Computational Learning Theory

Instructor: Adam Klivans

Course meets Monday and Wednesday at 11:00AM in RLM 6.120

Office Hours: Monday 2-3:30pm in TAY 3.148

Course Description

This course focuses on fundamental theoretical problems from the field of machine learning. We first survey various mathematical frameworks for learning such as Valiant's PAC model, Angluin's model of exact learning, the mistake bounded model, and on-line learning. We then present algorithms for learning concept classes within these models with a strong emphasis on proving bounds on the resources (time, space, sample complexity) required by these algorithms. We also discuss methods for proving the intractability of certain learning tasks and examine the relationship between learning and cryptography. Finally, we will read current research papers in the field; topics include learning with noise, regret bounds, and SVMs. Students will be required to work on an independent project of their choosing (related to either theory or practice).

Tentative Syllabus

Models of Learning: PAC, Exact, On-line, Mistake Bound, and relationships. 1-2 Weeks.

Generalization Error: Occam's Razor, VC-Dimension. 1-2 Weeks.

Learning a Halfspace: Perceptron, Winnow, Boosting-Based Methods, Linear Programming. 2-3 Weeks.

Boosting: Definitions, Weak to Strong Learning, Schapire's Booster, AdaBoost, Boosting with Branching Programs, Smooth Boosting, Applications. 2 Weeks.

Hardness: Relationship to Cryptography. Pseudorandom function generators. 1 week.

Noise: Malicious Noise, Classification Noise. Statistical Queries. 1-2 weeks.

On-line Algorithms: Minimizing Regret. Weighted Majority. 1 week.

Topics: SVMs, regression. 1 week.

Lecture Notes

Introductory Lecture; Outline

Click here for a sample latex template, and click here for the scribe.sty file you will need.

Lecture 1, Mistake bounds, the Winnow algorithm, and the Weighted Majority algorithm.

Lecture 2, Introduction to PAC learning.

Lecture 3, PAC learning continued, Occam's Razor.

Lecture 4, Using Set-Cover, Intro to VC-dimension.

Lecture 5, The VC Theorem.

Lecture 6, Introduction to Learning Halfspaces, Perceptron.

Lecture 7, Perceptron vs. Winnow. Using Winnow to learn halfspaces.

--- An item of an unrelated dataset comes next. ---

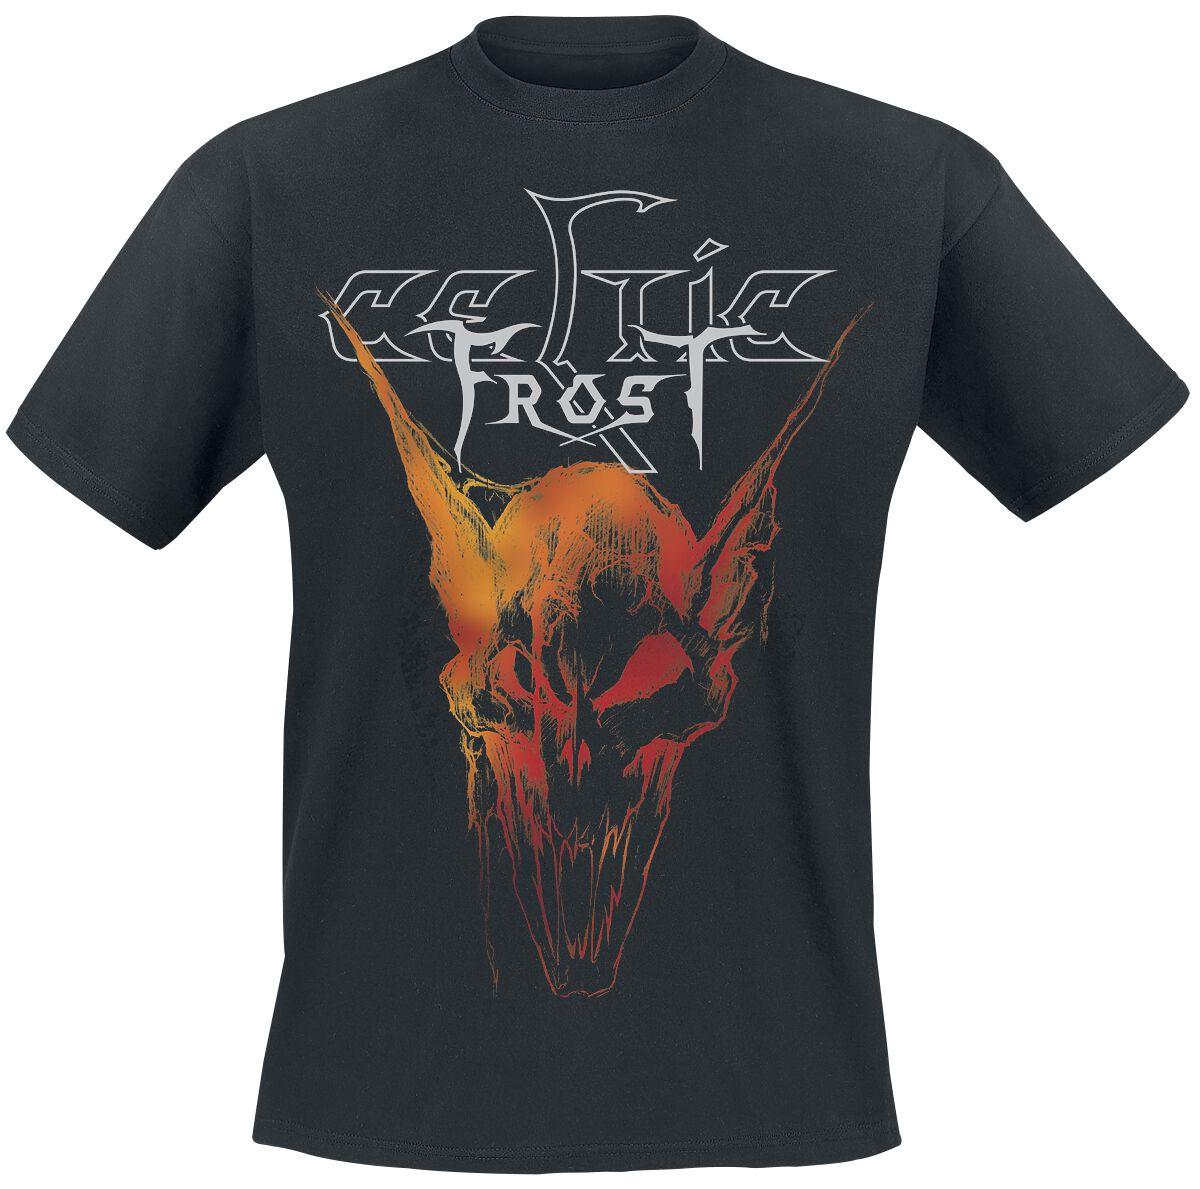 Zespoły - Koszulki - T-Shirt Celtic Frost Into the pandemonium T-Shirt czarny - 372076

Lecture 8, The Averaging Algorithm for Learning Halfspaces.

Lecture 10, Introduction to Boosting.

Lecture 11, AdaBoost.

Lecture 13, Boosting with Branching Programs.

Grading and Homework

Assignments will include scribe notes, problem sets, and a final project. Grades will be based on performance on these assignments and class participation.

Recommended Reading and Background

Mathematical maturity is required. A course in algorithms or complexity is recommended. A prior course in computational learning theory provides more than enough background for this seminar. An Introduction to Computational Learning Theory by Kearns and Vazirani is a good reference book for topics to be covered here.

Links to Additional Reading Material

Additional Notes

Course material may vary depending on student interest.